Good evening everyone!

Last week I bought a Zenit-E from my local junk shop. Being new to film cameras, I knew a few things to check (winding mechanism, shutter etc.) and they were all right, but I neglected a few things. One of those was the Selenium Cell Light sensor - as far as I know mine doesn't work at all (see attached image - the white line should move when light varies, but mine stays put). 



 If anyone knows how I should best deal with this, or if I actually need it at all (alternative methods maybe), then please let me know in this thread.

The second problem is the lens. In theory, it should work. It's a Pentacon 1.8/50 (see it here: Pentacon 50mm f/1.8 MC (M42) Lens Review ). However, upon further reading, I've noticed that the aperture blades don't actually appear to work at all. I haven't yet used the camera as I was waiting for my film to arrive - it now has, and I'm gutted to notice this fault now.
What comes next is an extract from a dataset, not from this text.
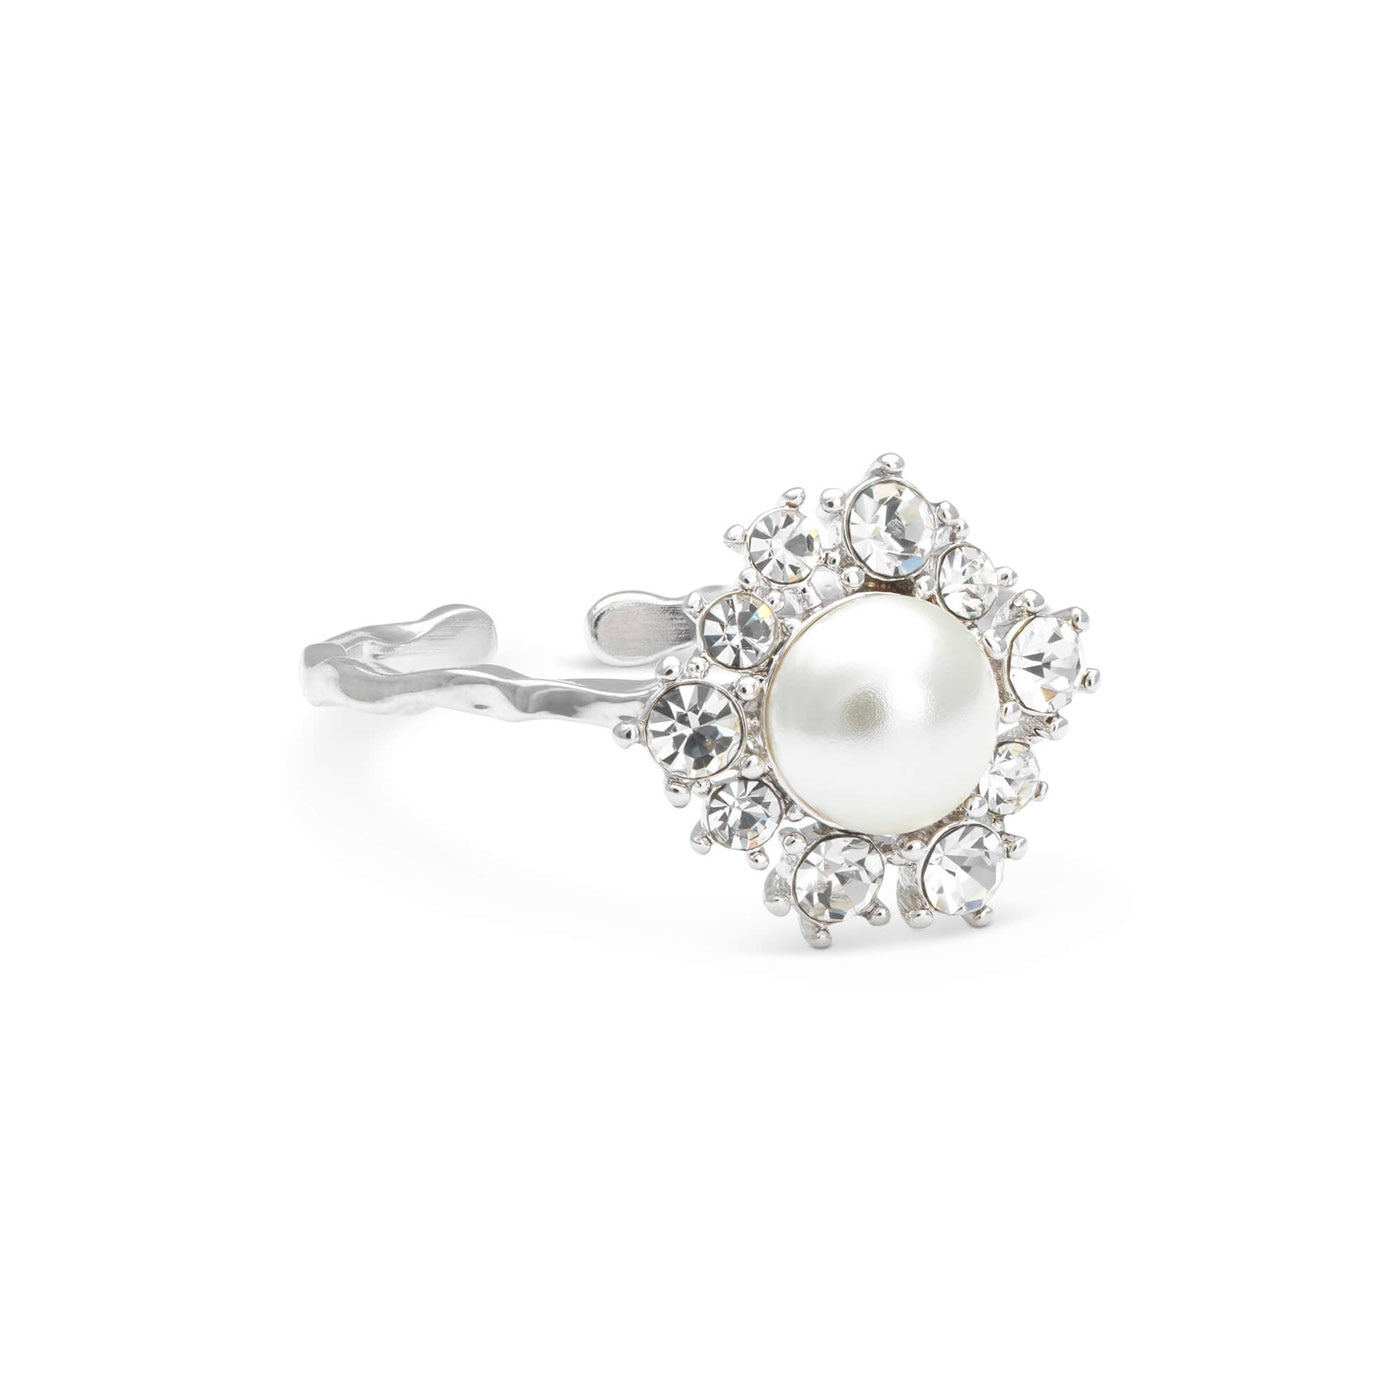 Emily pearl ring - Ivory

That's what I get for being a novice, I suppose 

Is it an easy fix, or should I look for a totally new lens? It's worth noting that this isn't the one that came with the camera when it was first manufactured, that was a Helios 44-2 58mm (I think), so it's already not ideal.

Being new to film, do you think that I should start afresh and go and buy a new camera and just make sure it works, or is it worth me fixing this one?

Any help at all is greatly appreciated, including general tips for film photography - I'm completely new.

Have a good one everybody,
Louis


----------



## timor (Feb 28, 2018)

Hi.
Zenit E.Most basic slr. Actually built on the base of Zorki, Russian copy of Leica.
Light meter doesn't work ? Most likely selenium is spent. Get hand held meter. Best and not to expensive used one would be Sekonic Studio Deluxe. No batteries and simple to use (however it looks complicated, it is not ). I use it in incident light mode, quick and reliable. Hollywood is using it even now, for shooting digital movies.
Light Meters Quick Guide - Help Wiki
Lens. Pentagon might be faulty. Glass is not bad, but the housing and mechanisms in it are seldom withstanding test of time. I would need to see it. But anyway, if I remember well Zenit E doesn't have automatic diaphragm. You will need to use so called preset lens like Helios 44-2, or, did you check, if your Pentacon closes the aperture blades in manual mode ? If so, you can use it. It is a bit of pain first to focus on open aperture, than close aperture than aim and compose again, but, hey, welcome to Zenit E world.


----------



## espresso2x (Feb 28, 2018)

Louis check the A/M switch on the 50 is set to M(anual) iris.


----------



## espresso2x (Feb 28, 2018)

Pentacon 1.8/50 MC is good optics - Meyer Oreston rebadged   with multi coatings.



LouisRG said:


> Any help at all is greatly appreciated, including general tips for film photography - I'm completely new.



Sunny 16: Sunny 16 rule - Wikipedia

Exposure triangle: The Exposure Triangle: Understanding How Aperture, Shutter Speed, and ISO Work Together


----------



## vintagesnaps (Feb 28, 2018)

That's what I was going to suggest, get a hand held meter or try the Sunny 16 method. If the selenium meter isn't working I don't think it can be fixed. It would most likely not be worth putting money into it anyway.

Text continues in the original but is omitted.